Other people, often trying to make themselves feel better about their bodies, denigrate ours. The interviewee referred to men and women alike telling her, with and without words, and even with and without meaning to, that her body was bad. From trade in jade and silk between Europe and China in 2000 BC to modern body shaping underwear, fortunes have been made selling people things to try to make them more beautiful.
Sometimes even the church teaches people to hate their bodies. In Romans 7, Paul anguished about the sin in his own life, discussing the fact that sin is present in his flesh. He concluded with the statement “Wretched man that I am! Who will set me free from the body of this death (V24)?” The obvious conclusion is that the physical body is wicked and the spirit is good. Since we should hate sin, we should hate our bodies.
However obvious, this conclusion is absolutely wrong, rooted more in Platonic dualism and in Gnostic hatred of the material world than in Christianity. Furthermore it is not at all what Paul meant. The Hebrews recognized that God created the universe, including our bodies, and that His creation was good. They had a healthy respect for the body and had no concept of a disembodied life after death as the later Greeks did. Beginning around the time of Daniel, Jewish thought included bodily resurrection from the dead, not ghosts floating around the universe forever.
As heir to this heritage, Paul had the highest regard for the human body. He called it the temple of the Holy Spirit and taught his students to honor it (1 Corinthians 6:18-20). Paul told his disciple Timothy that though not as valuable as godliness, physical exercise was profitable (1 Timothy 4:8). His statements in Romans 7 were not that the material body was wicked, because the body was as much a victim of sin as was all creation (Romans 8:19-23). Rather, Paul wanted to be delivered from sin. If the body was the source of sin, the most effective (and macabre) way to deal with sin in life was to eliminate the body. The Bible never teaches this.

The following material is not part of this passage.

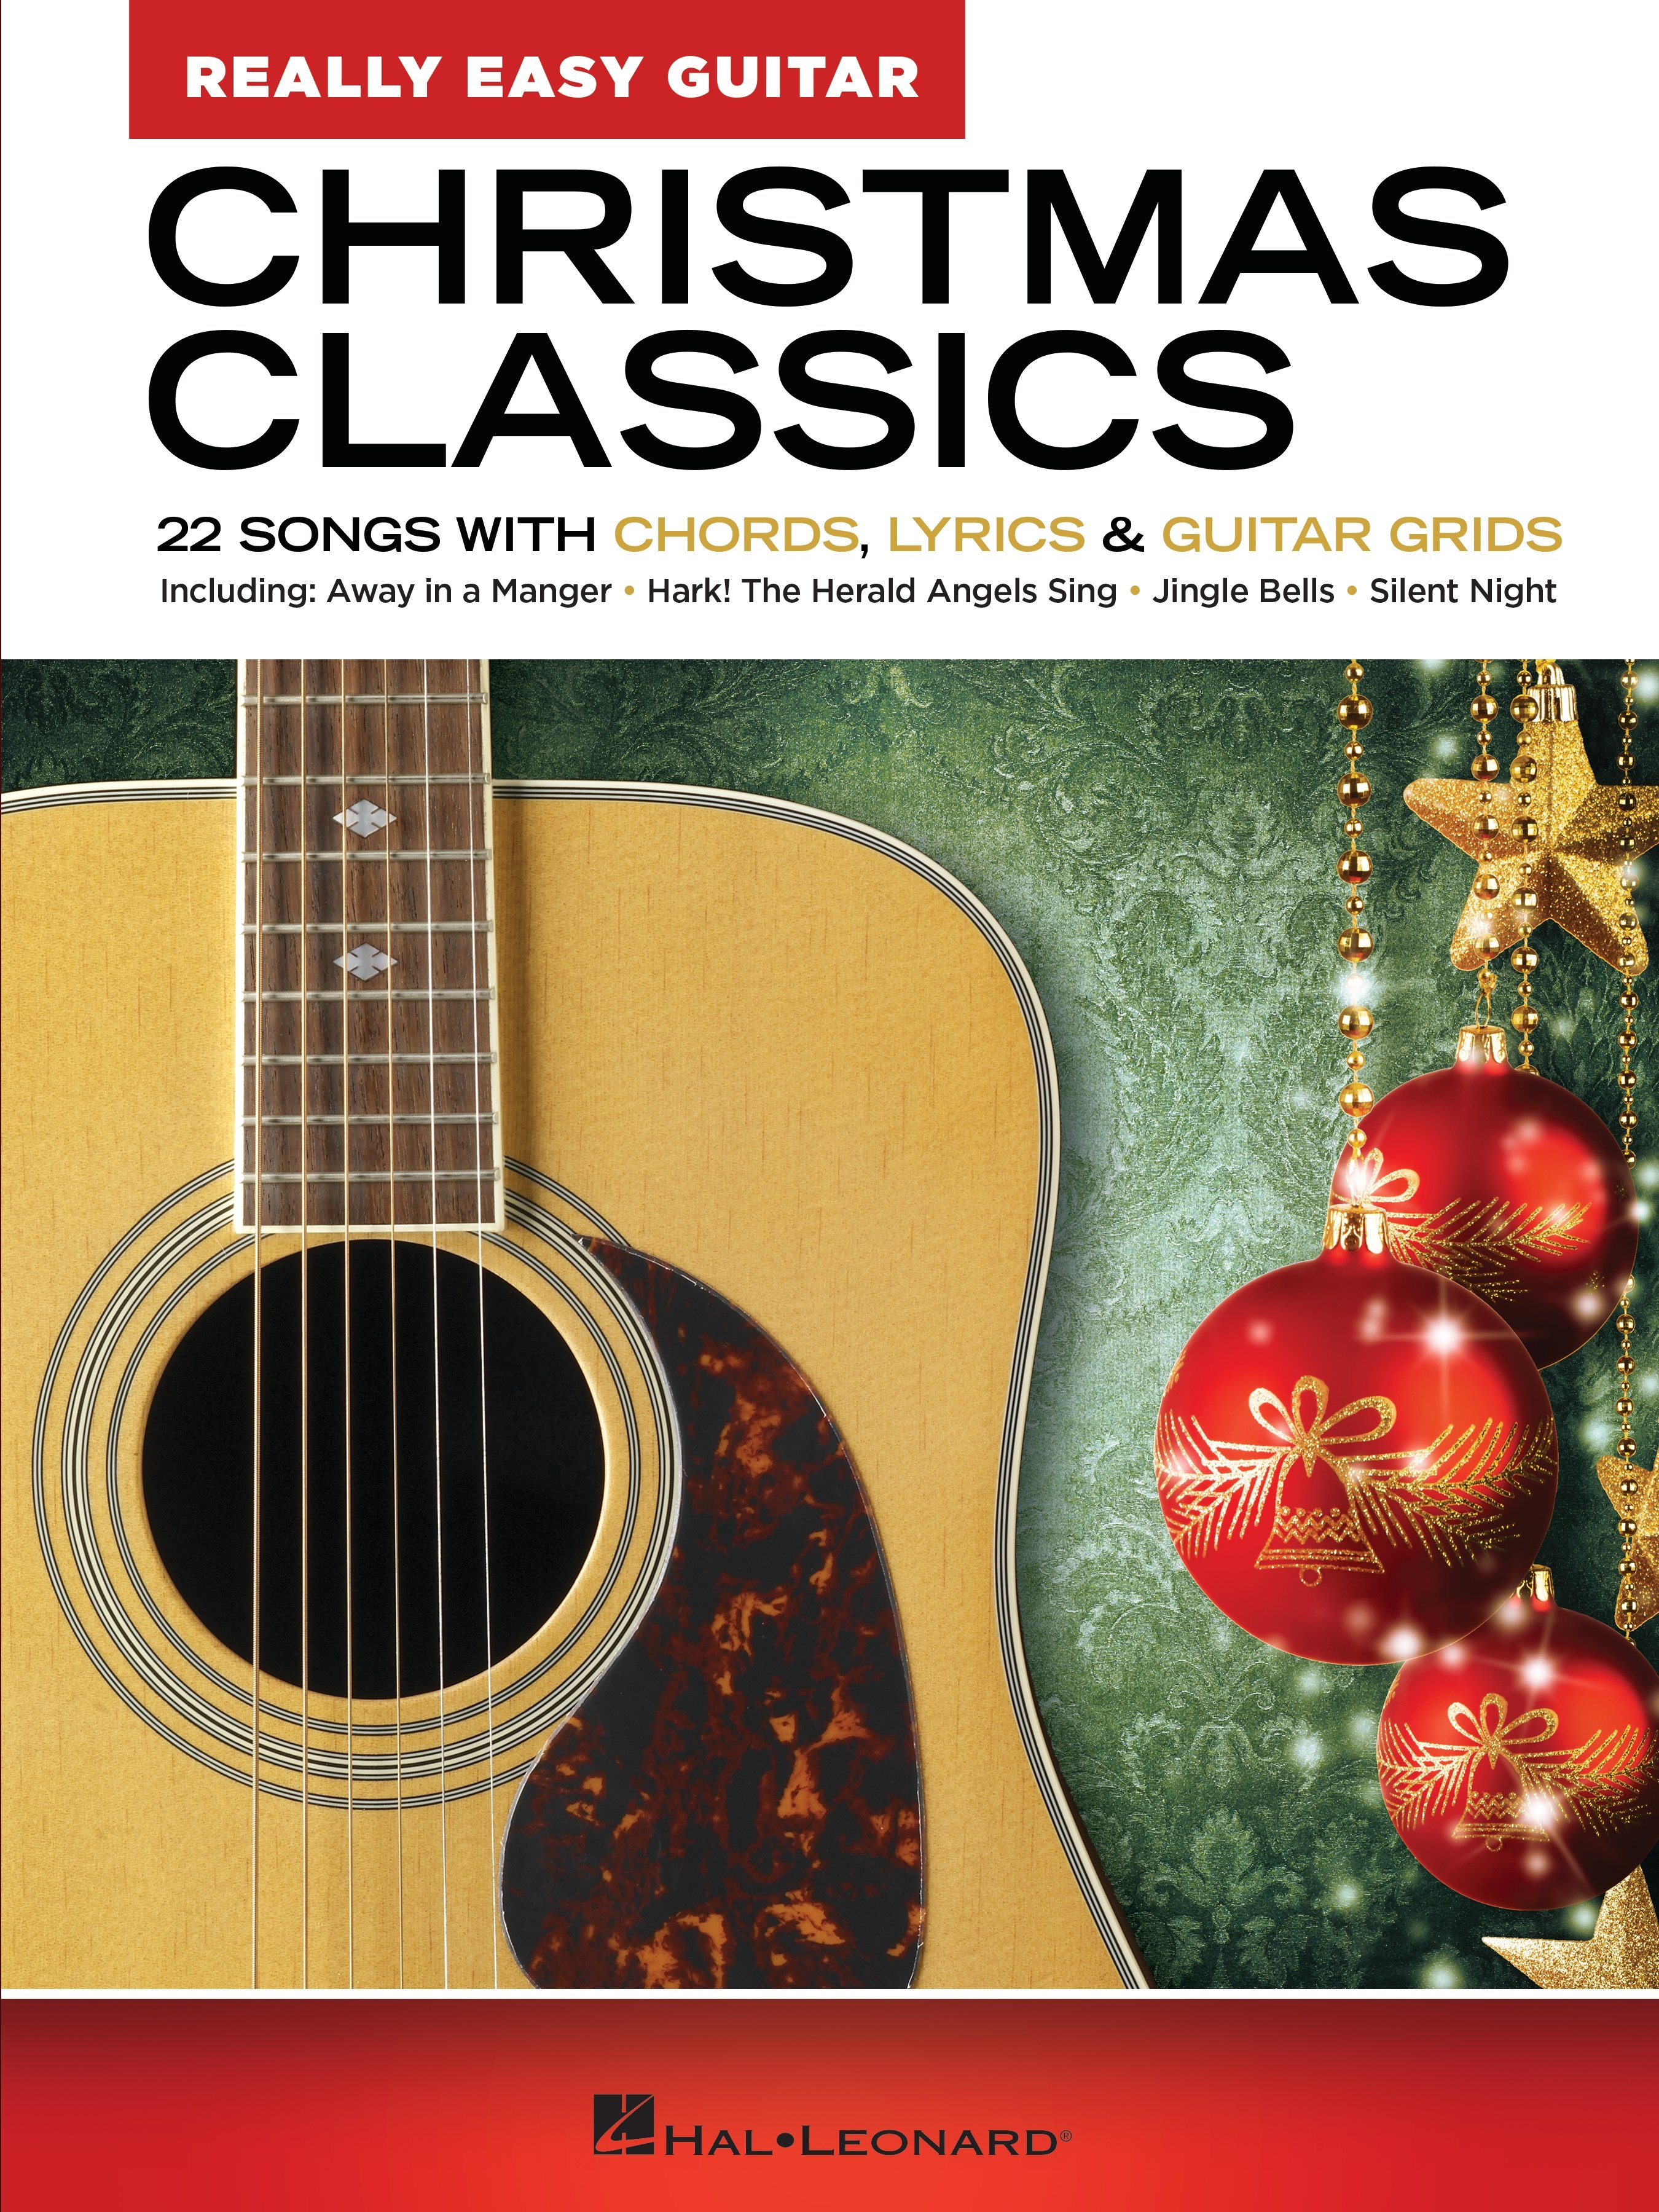 Really Easy Guitar Christmas Classics

Another common misconception is that Christianity teaches women to be ashamed of their bodies because sexuality is wicked and their body might cause someone else to sin. First, sexuality was created by God and nothing that He made is evil. Second, the entire Biblical book of Song of Solomon is devoted to romantic love, the courtship and married life of a young couple. The book glorifies human love in the context of a man and woman married for life. Only outside this context does Scripture discourage sexuality. Third, when a man looks at a woman and lusts after her, that sin is his, not hers. However if the woman dresses immodestly because she wants to provoke envious or lustful thoughts in others, that sin is hers. The key is for men and women to dress in a way that pleases themselves while being more concerned with others’ needs than with his/her own, and being more interested in personal character than in physical appearance.
The body is our connection to the natural world, the place where we laugh, love, and live. It enables us to feel cool breezes on hot days, embrace our families and friends, taste delicious foods, and smell fragrant flowers. The body allows us to think, to speak, to work, and to serve God and others in the world; doing His work so that others may know Him. God made creation for His glory, for our care and for our enjoyment, and He gave us bodies to be a part of it. Someday we will lose our earthly bodies, and then regain them, clothed in glory and incorruptible, in the new earth.
Though advertisers will continue to tell us that we are never good enough, and some other people will forever try to build themselves up at our expense, our Creator tells us that He loves us infinitely as we are, regardless of how we look and what we can or cannot do. The Church can never teach its members to hate the body, and each pastor, leader and teacher must have the right understanding. If we are to love the Lord and love our neighbor, we can do no less.